### Action item
Exclude the images, then return every line below exactly as written.

### Data excerpt

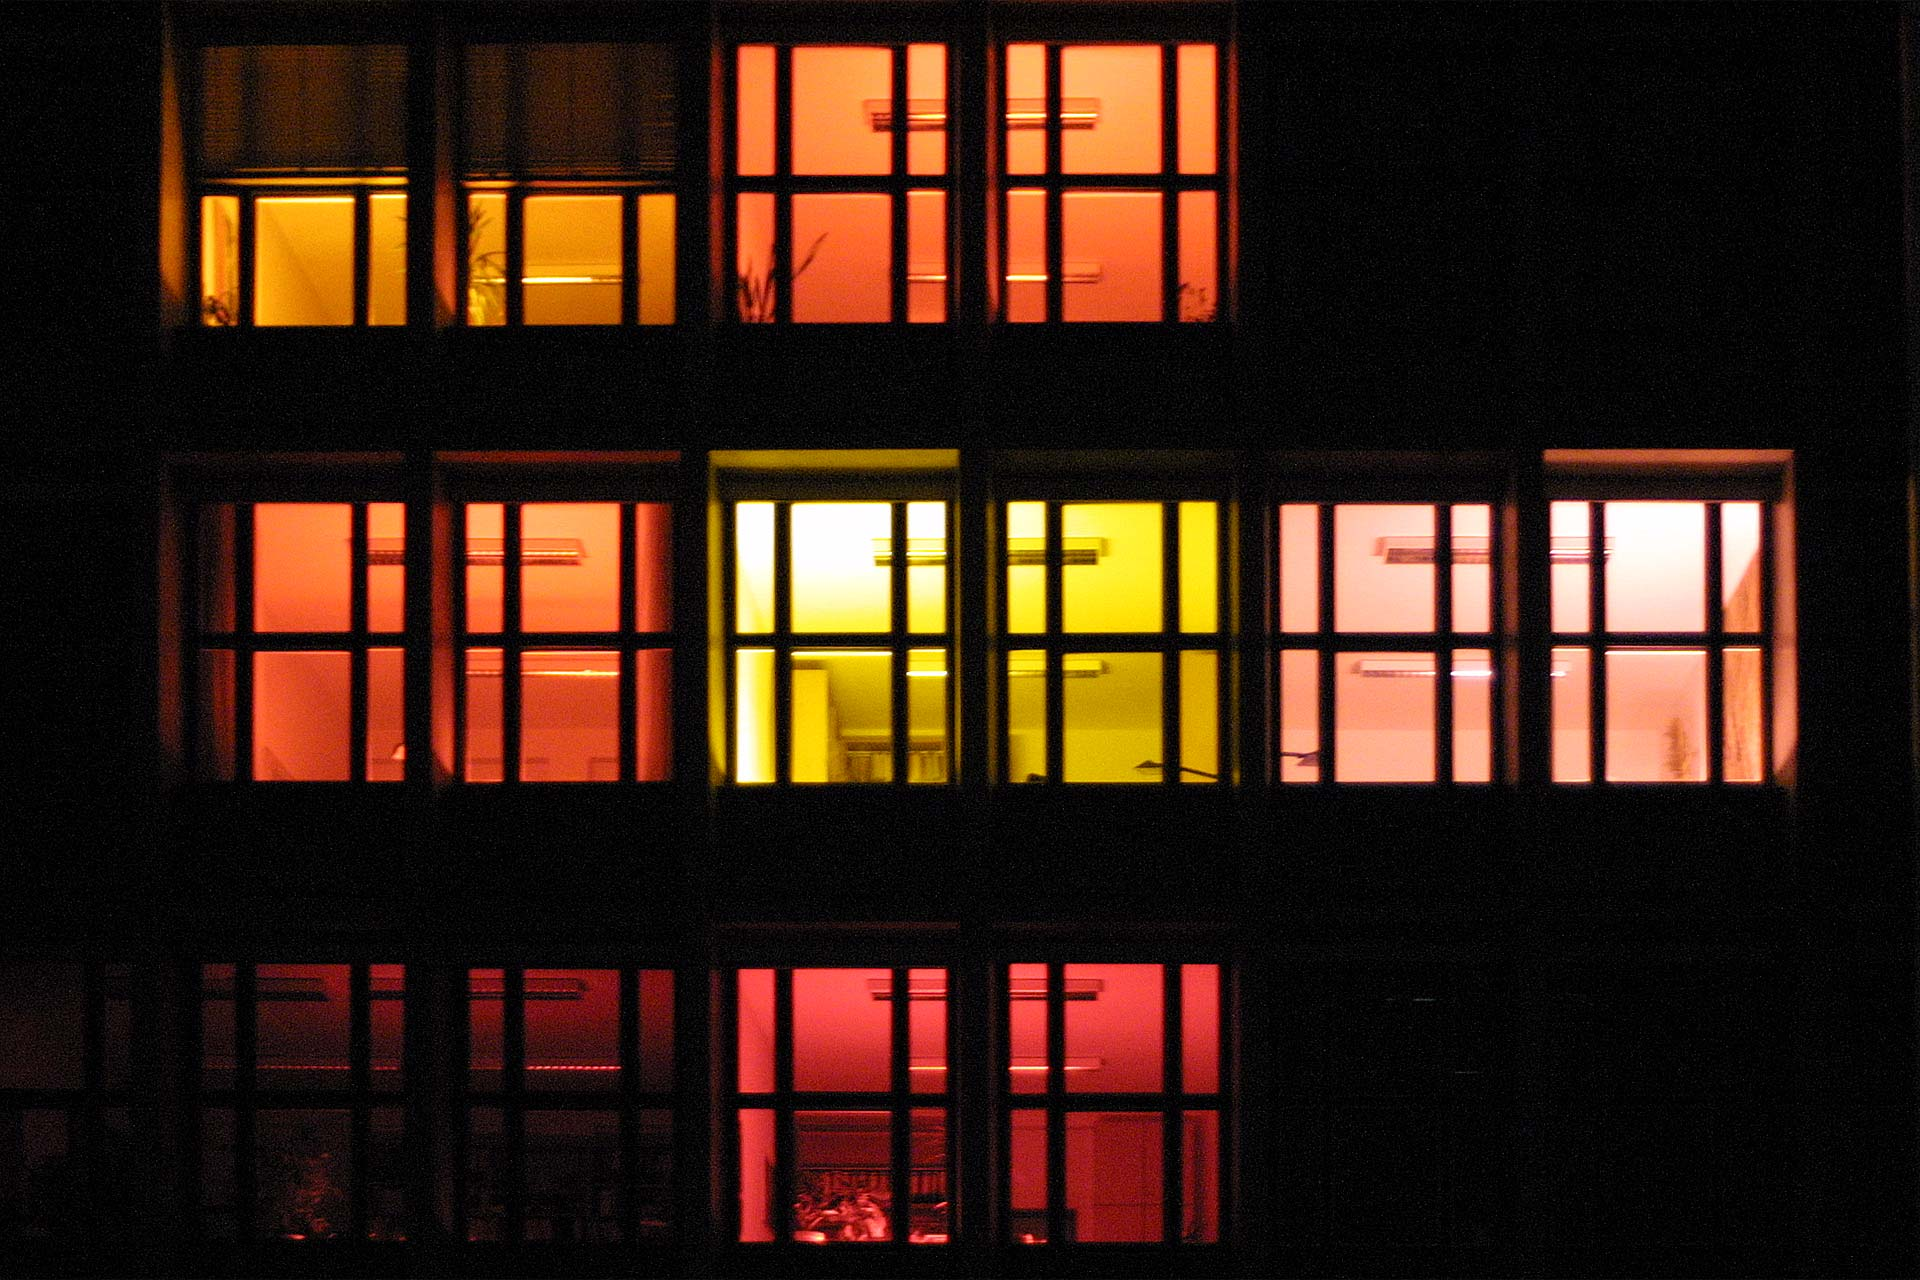 MAASS-Lichtplanung_Temporäre Fassadenbeleuchtung in Hannover__MAASS-MWK-Hannover-005
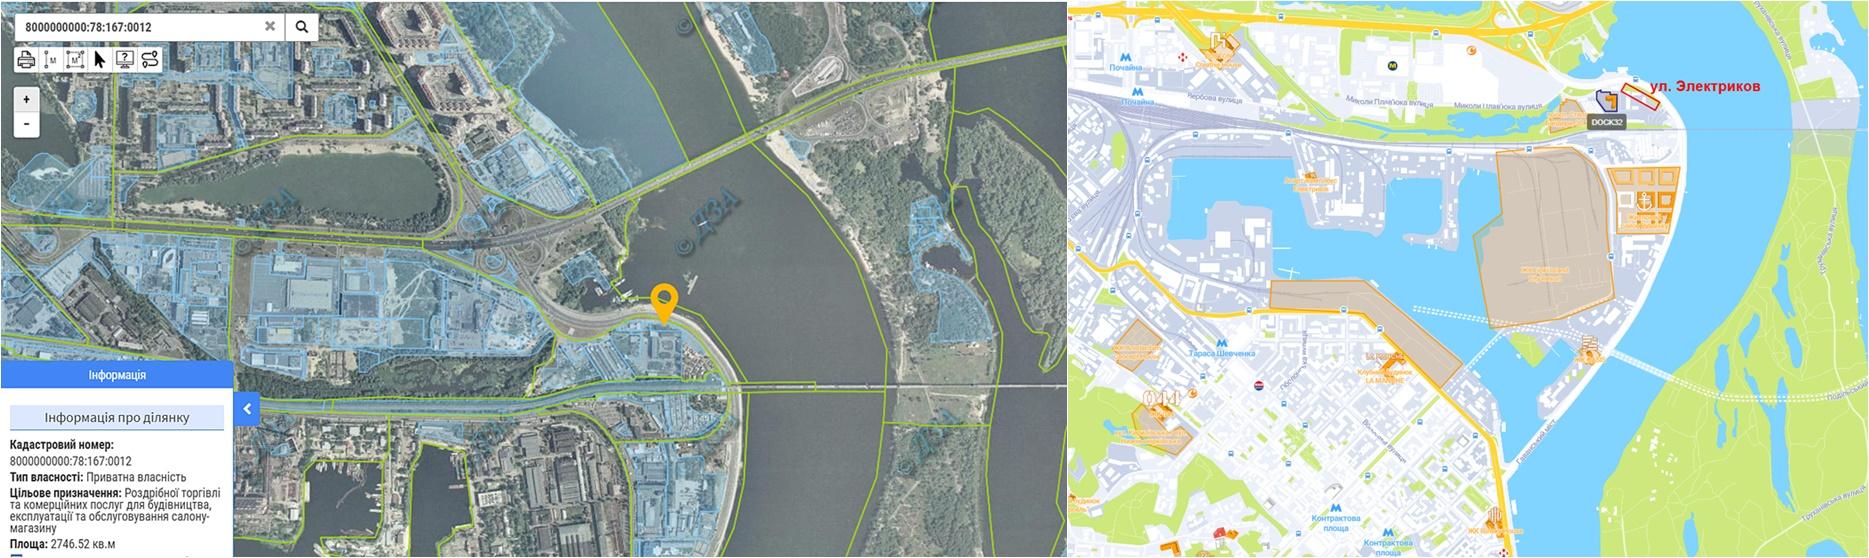 Строительство многофункционального комплекса по ул. Электриков данные кадастра и на карте
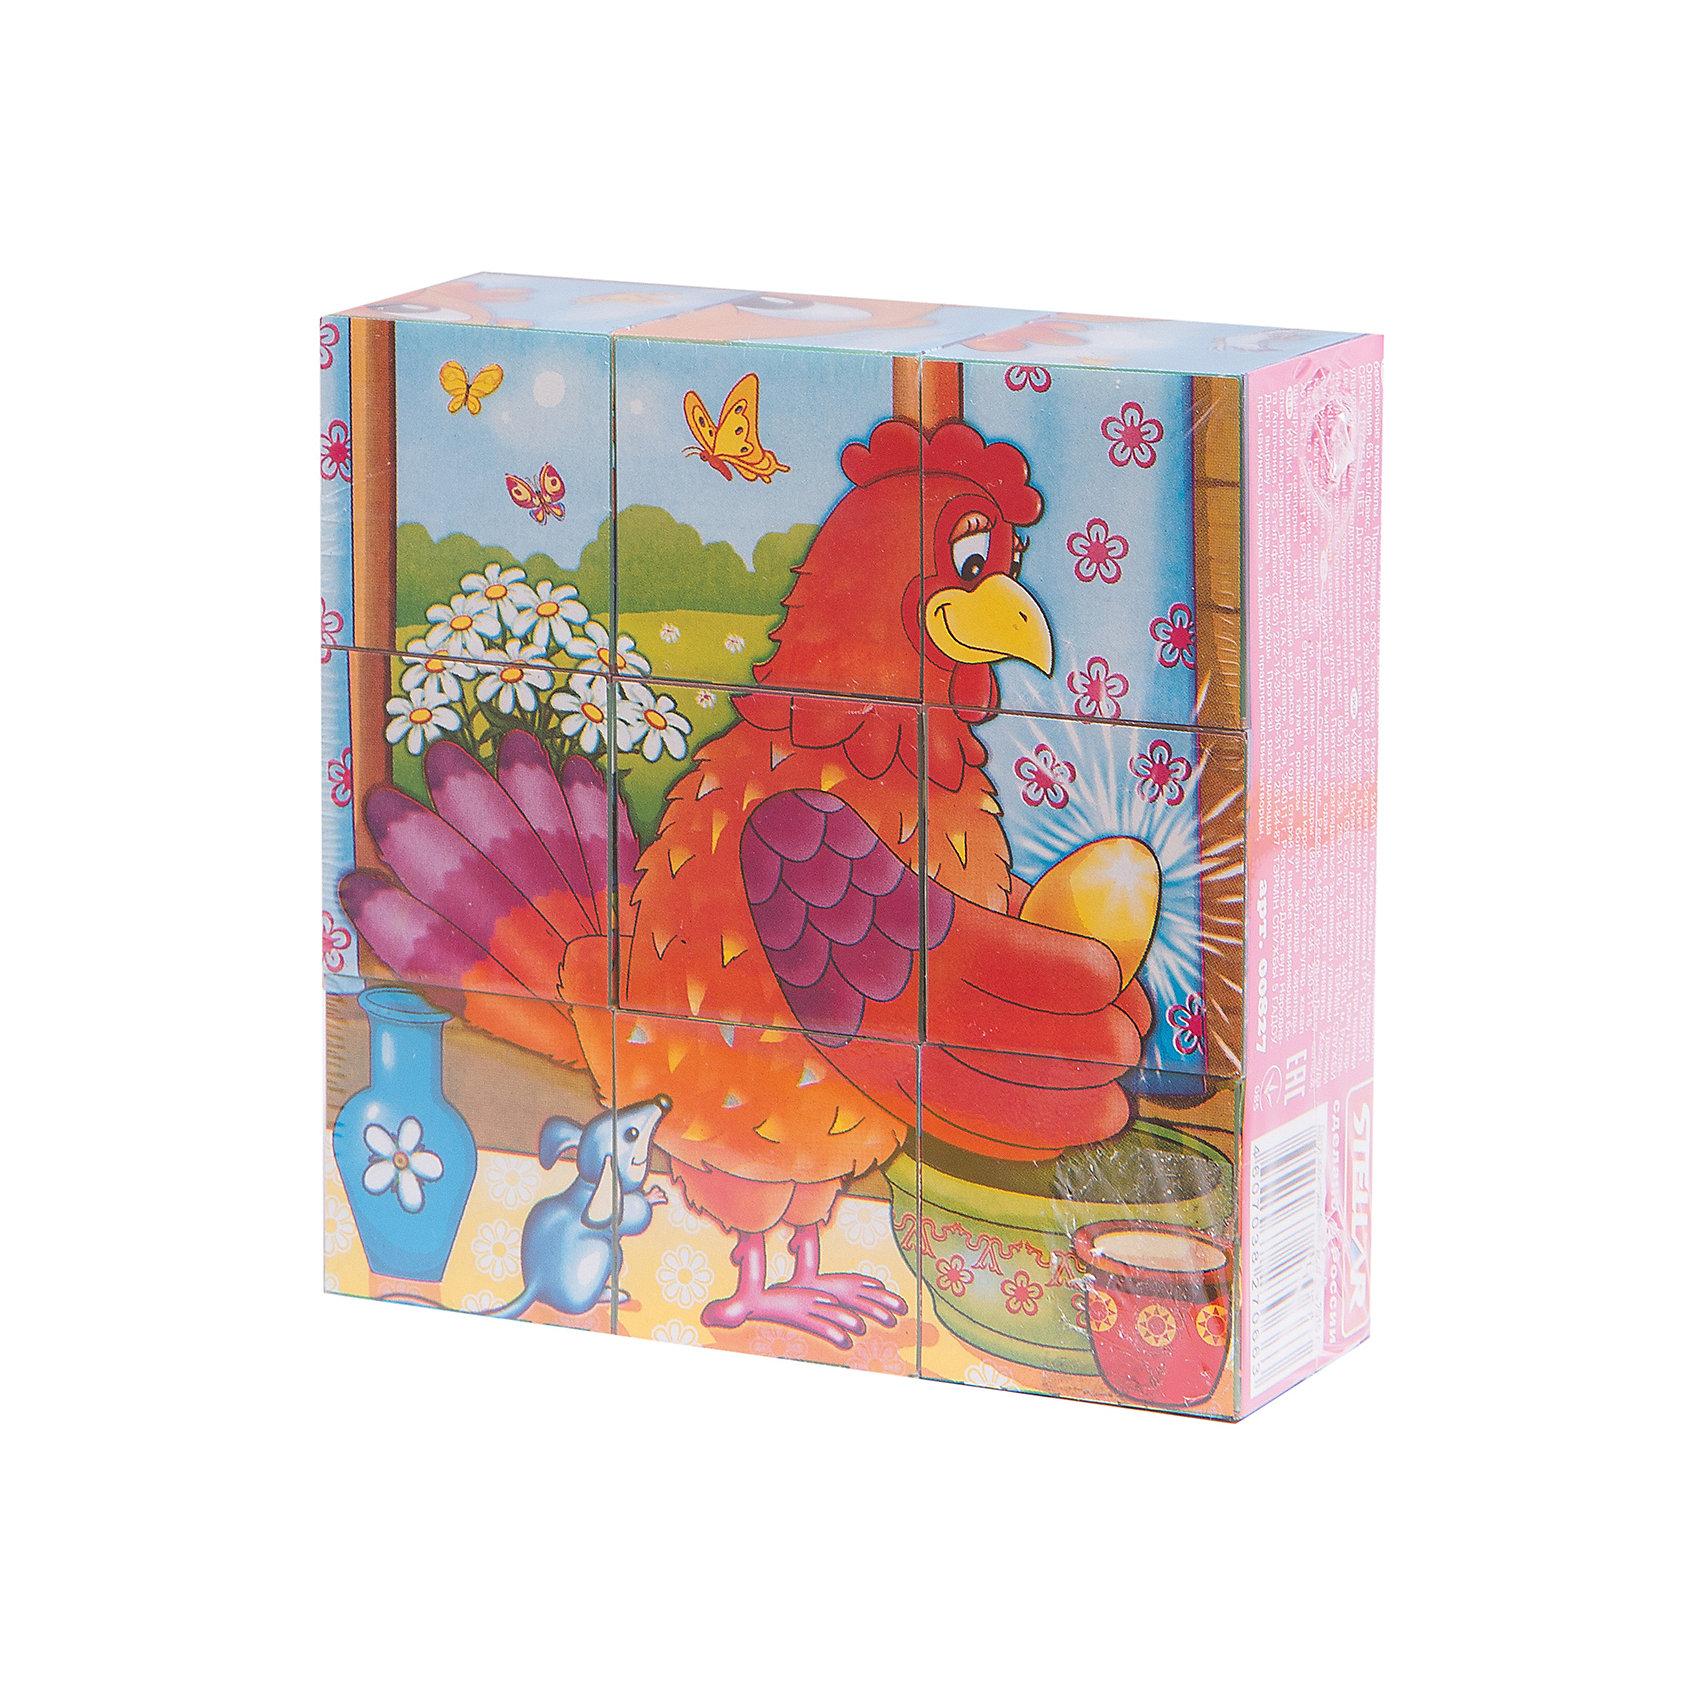 Кубики в картинках 27 (персонажи сказок), СтелларНабор из 9 кубиков на тему Персонажи сказок от Стеллар (Stellar) — увлекательная игра для Вашего ребенка. На каждую грань кубиков наклеены бумажные красочные картинки. Из изображений на кубиках, можно собрать шесть больших сказочных картинок: <br>- Баба Яга<br>- Колобок<br>- Кот в Сапогах<br>- Маугли<br>- Снеговик<br>- Курочка Ряба.<br><br>Игра с такими кубиками позволить тренировать память, внимание и мелкую моторику рук.<br><br>Набор кубиков «Персонажи сказок» надолго увлечет Вашего ребенка!<br><br>Дополнительная информация:<br><br>- В комплекте: 9 кубиков<br>- Материал: полистирол, бумага<br>- Размер кубика: 40 х 40 х 40 мм<br>- Собираемой картинки: 120 х 120 мм<br>- Размер упаковки: 120 х 120 х 40 мм<br>- Вес: 150 г.<br><br>Кубики в картинках 27 (персонажи сказок) от Стеллар (Stellar) можно купить в нашем интернет-магазине.<br><br>Ширина мм: 120<br>Глубина мм: 120<br>Высота мм: 40<br>Вес г: 147<br>Возраст от месяцев: 36<br>Возраст до месяцев: 60<br>Пол: Унисекс<br>Возраст: Детский<br>SKU: 2407045

### Final answer
 MAASS-Lichtplanung_Temporäre Fassadenbeleuchtung in Hannover__MAASS-MWK-Hannover-005
 Строительство многофункционального комплекса по ул. Электриков данные кадастра и на карте
 Кубики в картинках 27 (персонажи сказок), СтелларНабор из 9 кубиков на тему Персонажи сказок от Стеллар (Stellar) — увлекательная игра для Вашего ребенка. На каждую грань кубиков наклеены бумажные красочные картинки. Из изображений на кубиках, можно собрать шесть больших сказочных картинок: <br>- Баба Яга<br>- Колобок<br>- Кот в Сапогах<br>- Маугли<br>- Снеговик<br>- Курочка Ряба.<br><br>Игра с такими кубиками позволить тренировать память, внимание и мелкую моторику рук.<br><br>Набор кубиков «Персонажи сказок» надолго увлечет Вашего ребенка!<br><br>Дополнительная информация:<br><br>- В комплекте: 9 кубиков<br>- Материал: полистирол, бумага<br>- Размер кубика: 40 х 40 х 40 мм<br>- Собираемой картинки: 120 х 120 мм<br>- Размер упаковки: 120 х 120 х 40 мм<br>- Вес: 150 г.<br><br>Кубики в картинках 27 (персонажи сказок) от Стеллар (Stellar) можно купить в нашем интернет-магазине.<br><br>Ширина мм: 120<br>Глубина мм: 120<br>Высота мм: 40<br>Вес г: 147<br>Возраст от месяцев: 36<br>Возраст до месяцев: 60<br>Пол: Унисекс<br>Возраст: Детский<br>SKU: 2407045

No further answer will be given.